Best of all, it’s one of those 13×9-inch recipes that are easy to whip together and ideal for sharing. Bring a tray to a church potluck, serve at room temperature with plastic spoons for a picnic or serve fresh from the oven after dinner. You can even eat it straight from the fridge for a midnight snack.

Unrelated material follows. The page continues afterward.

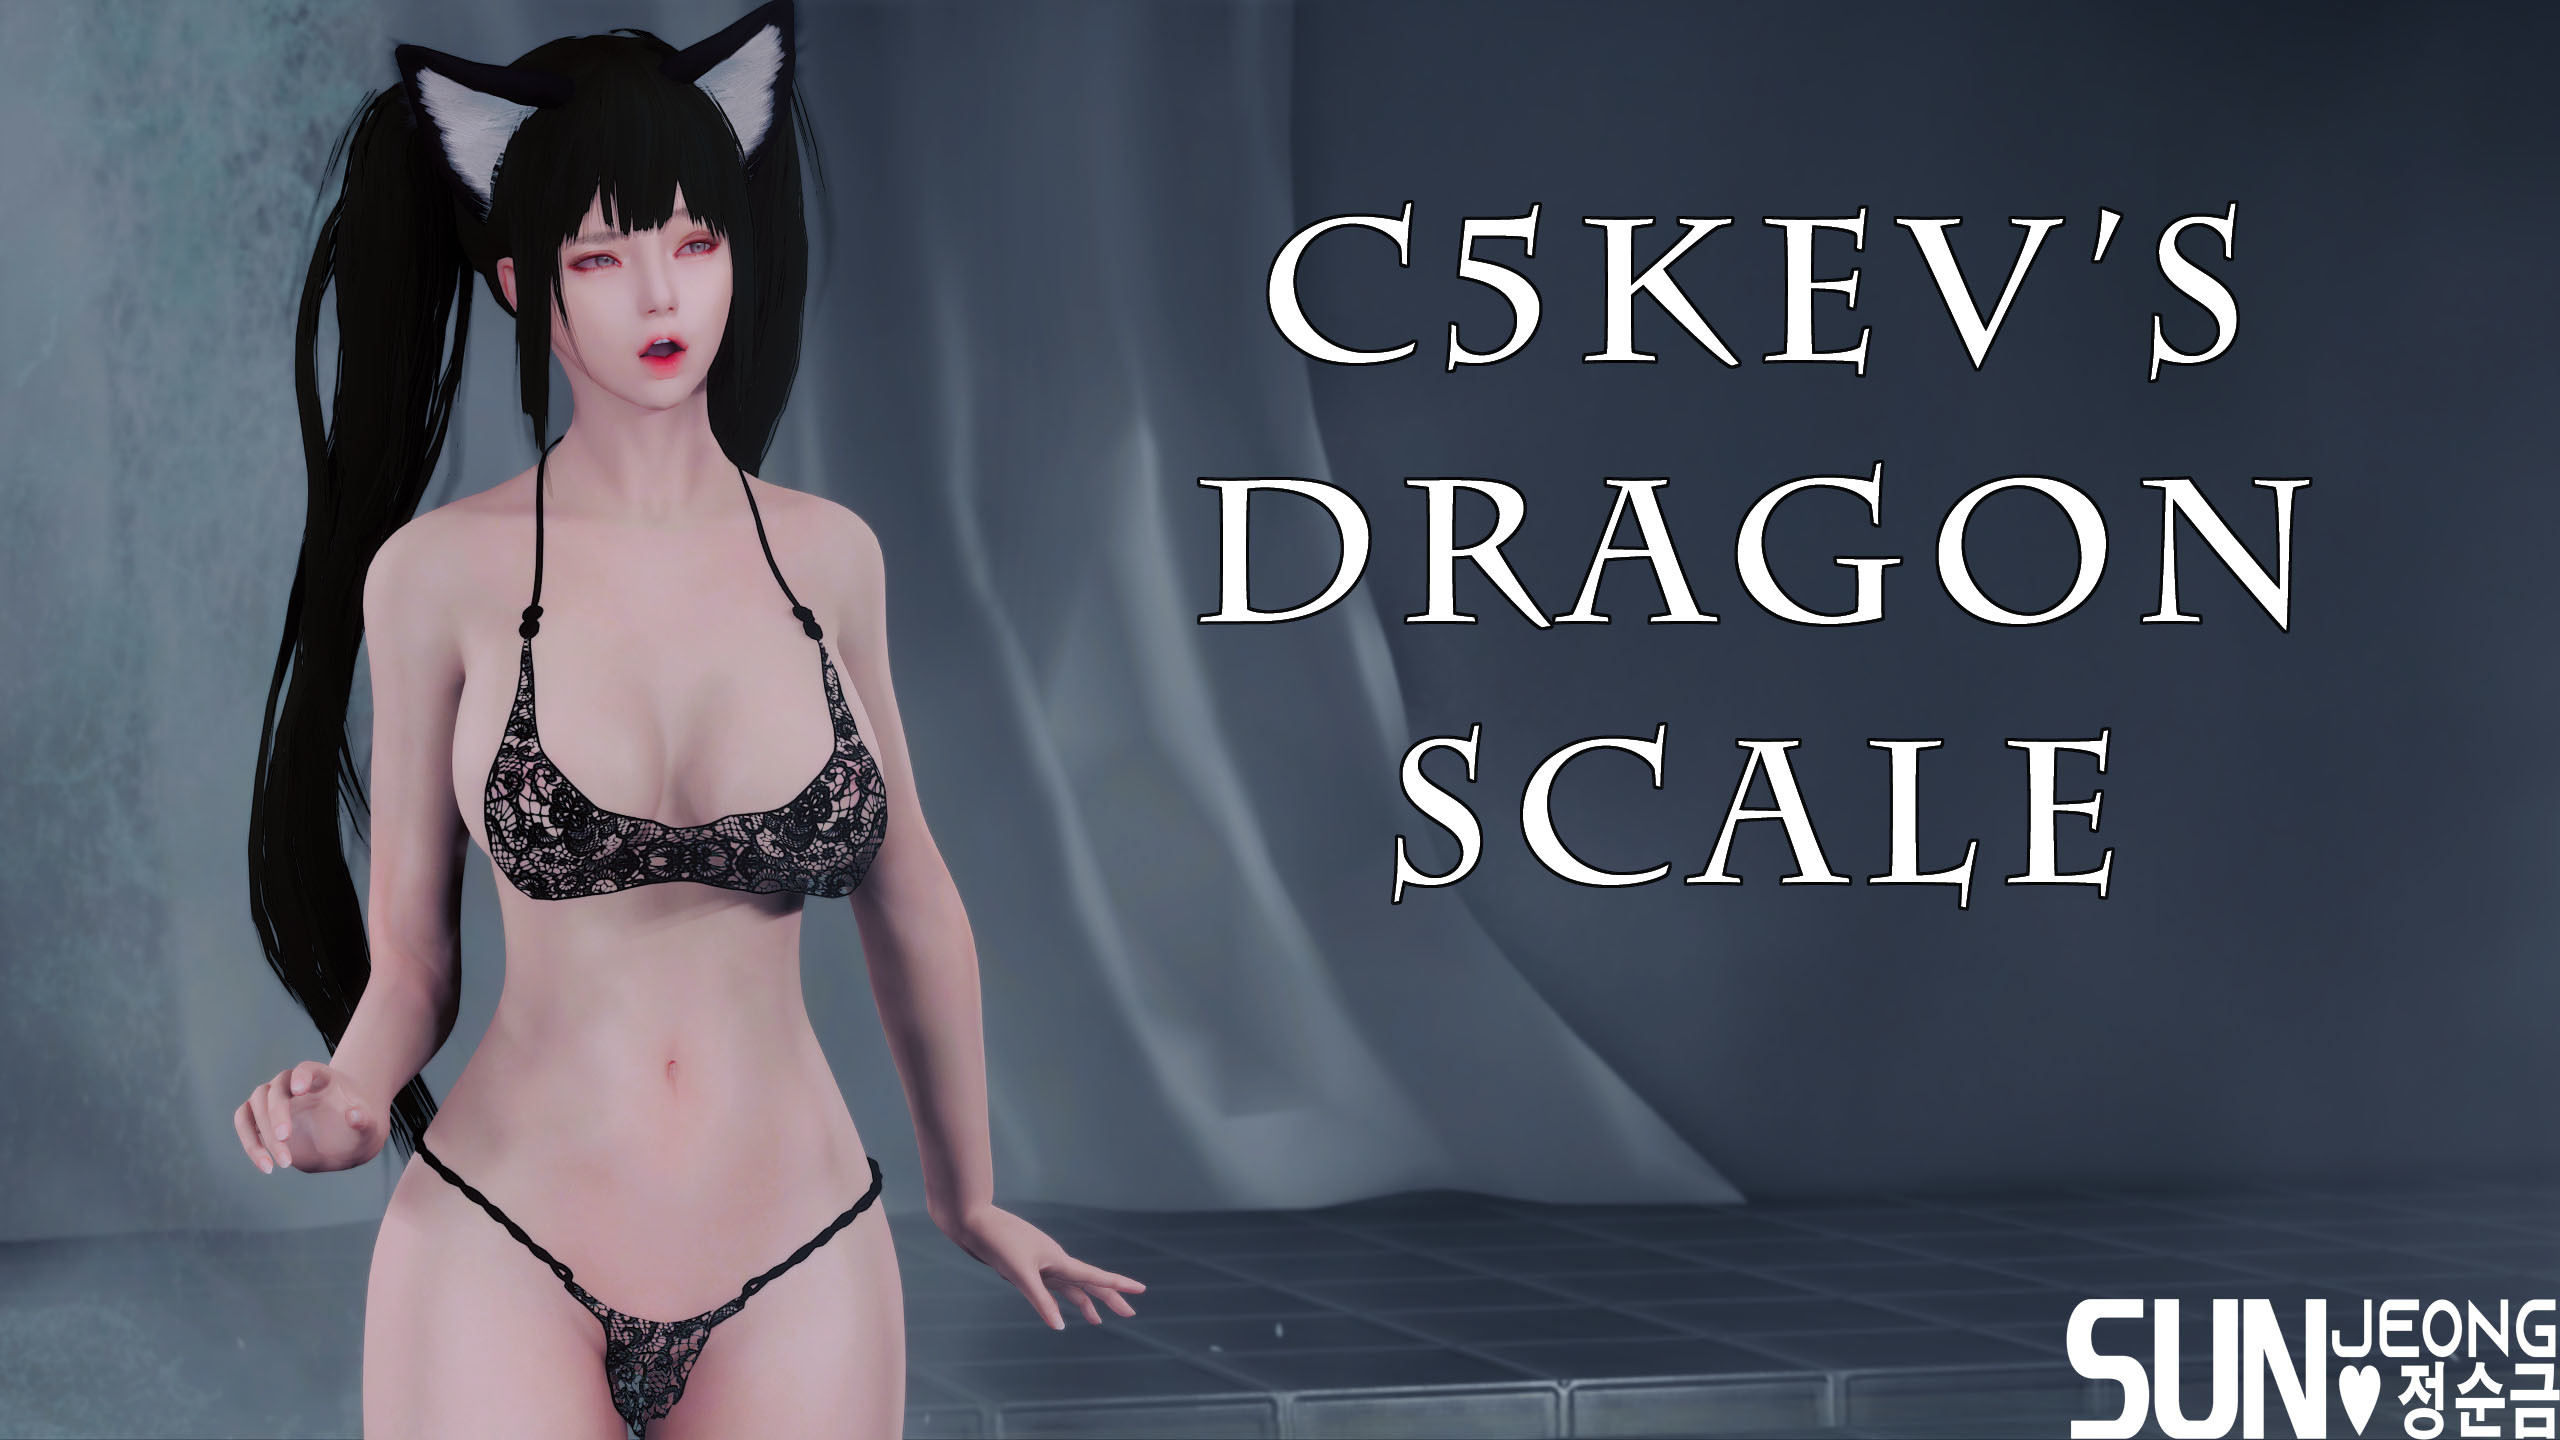 C5Kev's Dragonscale!

Ingredients for Blueberry Bread Pudding

Pudding

  • Heavy whipping cream: This bread pudding is titled “over-the-top” for a reason: the bread cubes soak in heavy cream for a flavorful, decadent dessert. (See the variations section below for a lighter version.)
  • Eggs: Eggs enrich the cream and make a custard-like blueberry pudding bread.
  • Sugar: We use plain granulated sugar here since it pairs better with the white baking chips than brown sugar would.
  • Vanilla extract: A dash of vanilla draws out the sweetness of the berries.
  • Blueberries: Fresh blueberries show off the complex flavor of this sweet and slightly sour berry. You can also use frozen berries. If you do, use them without thawing to avoid discoloring the batter.
  • White baking chips: Sweet, mild white chocolate chips let the blueberry flavor shine. You can reduce the quantity of chips for a less-sweet pudding.
  • French bread: Cut a loaf of French bread into cubes. Remove the crusts if they’re especially hard or if you want a very smooth pudding. It’s best to use stale bread; the dry crumb will absorb more cream.

Sauce

  • White baking chips: These chips melt easily, making a creamy, sweet sauce.
  • Heavy whipping cream: More whipping cream thins the melted chips and makes the sauce pourable.

Directions

Step 1: Prep the batter

Preheat the oven to 350°F. In a large bowl, stir or whisk together the eggs, cream, sugar and vanilla until a smooth batter forms. Stir in the blueberries and baking chips.

Step 2: Add the bread

Gently stir in the bread cubes. Let the mixture stand until the bread softens, about 15 minutes.

Step 3: Bake

Transfer to a greased 13×9-inch baking dish. Bake, uncovered, until a knife inserted in the center of the pudding comes out clean, 50 to 60 minutes. Let stand for five minutes before serving.

Step 4: Make the sauce

For the sauce, place the baking chips in a small heatproof bowl. In a small saucepan, bring the cream just to a boil. Remove from heat immediately and pour over the baking chips. Whisk until smooth. Pour the sauce over the blueberry bread pudding, drizzling into an abstract pattern. Serve the bread pudding warm.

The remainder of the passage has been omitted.